If you are unsure about filing a patent, or maintaining its trade secret status, you may want to consider filing a provisional patent application, which remains secret at the USPTO. Filing a provisional patent application will not jeopardize the secrecy of your invention.

However, remember that non-provisional applications will normally become publicly available 18 months after their earliest possible priority date, unless the applicant requests non-publication at the time of filing (and meets all the requirements). If the non-publication request is granted, the application will remain confidential until any patent issues. So, if you are unsure but believe you may want to retain any trade secret status, you must request non-publication when you file your non-provisional application. By doing so, you can receive an examiner’s analysis of patent eligibility without risking losing the secrecy of your invention.
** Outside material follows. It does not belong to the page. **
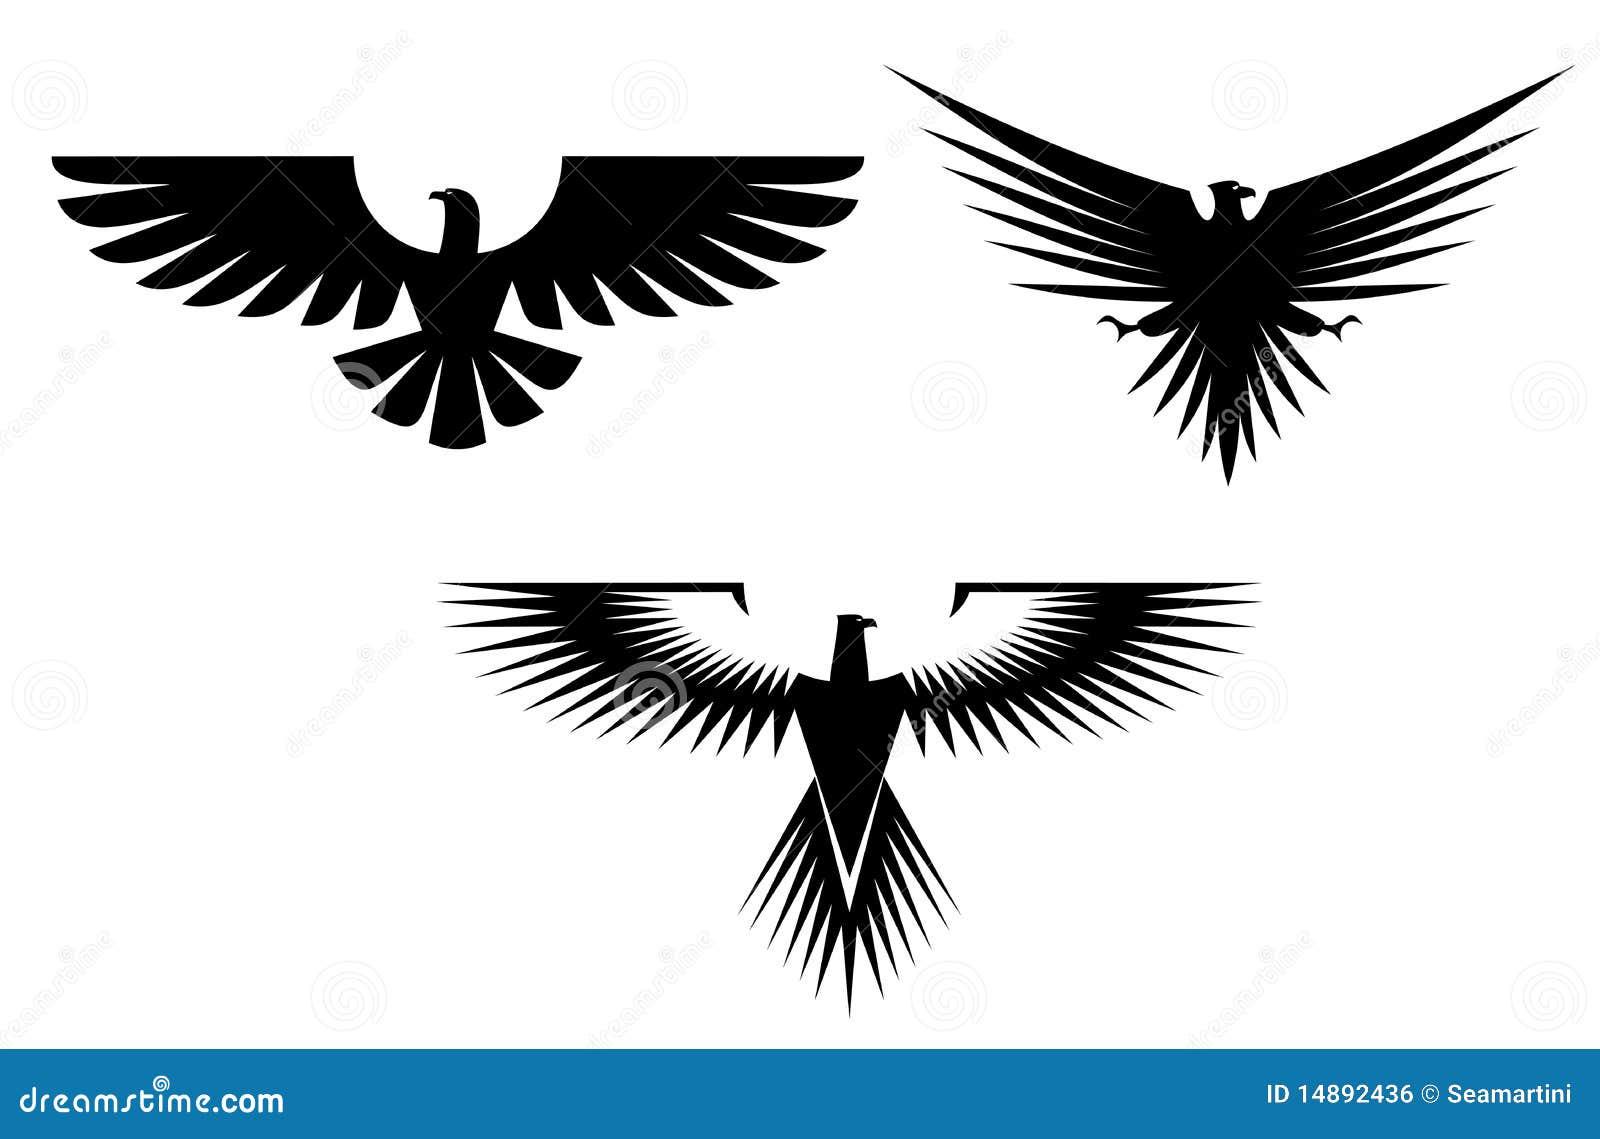 0ec1c33ea Eagle tattoos stock vector. Illustration of graphic, label - 14892436

If an examiner rejects your application as not patent-eligible, then you can withdraw the application and still retain the trade secret status of the invention. But once the application is published, the invention is disclosed, and it is no longer secret and no longer protectable under trade secret laws.

 

When Should I File My Patent Application?

Clearly, timing matters when it comes to a wide variety of IP strategies. For patent applications, one key timing consideration is the stage of development of a commercial embodiment of the invention.

Because a patent application should fully describe the claimed invention, if you file too soon you may not include relevant functionality that should be included but may not yet have been perfected. If you file too late, you risk the possibility that prior public information may negatively affect the novelty of your invention or risk a second inventor filing first and having superior right to a patent.

There is always this push and pull when determining when to file, so your patent counsel could provide helpful experience. Moreover, it usually takes at least 12 months (often much longer) to get the first substantive communication from a patent examiner, and the average total time for complete examination of patent applications by the USPTO is now about 23 months.

Above all, it is important to remember that you will not have patent rights until the patent issues. So, if you believe a competitor may be infringing, or about to infringe any patent that issues, the sooner you file the better. With all that said, there is no absolute correct time in the product development process to file a patent application. But knowing these data points and considering different strategic options can help your business create maximum value.

 

How and Why Should I Monitor My Competitors?

Another factor in any IP strategy is to monitor the activities of close competitors. Of course, patent applications of your competitors — and of potential technology partners — will also be published (unless they request non-publication). By monitoring those applications, you can see what others in your field of endeavor may be up to. You can also monitor published applications to see if your competitors may be encroaching on your technology. And you can use those published applications to help avoid wading into your competitors’ territory.

Setting an IP strategy and then dynamically adjusting in an ongoing manner due to marketplace shifts is critical to most businesses — and can help businesses achieve optimal valuations and marketplace impact. The elements above are just some elements to consider. A comprehensive strategy program should be highly customized for each business and will consider a wide variety of factors.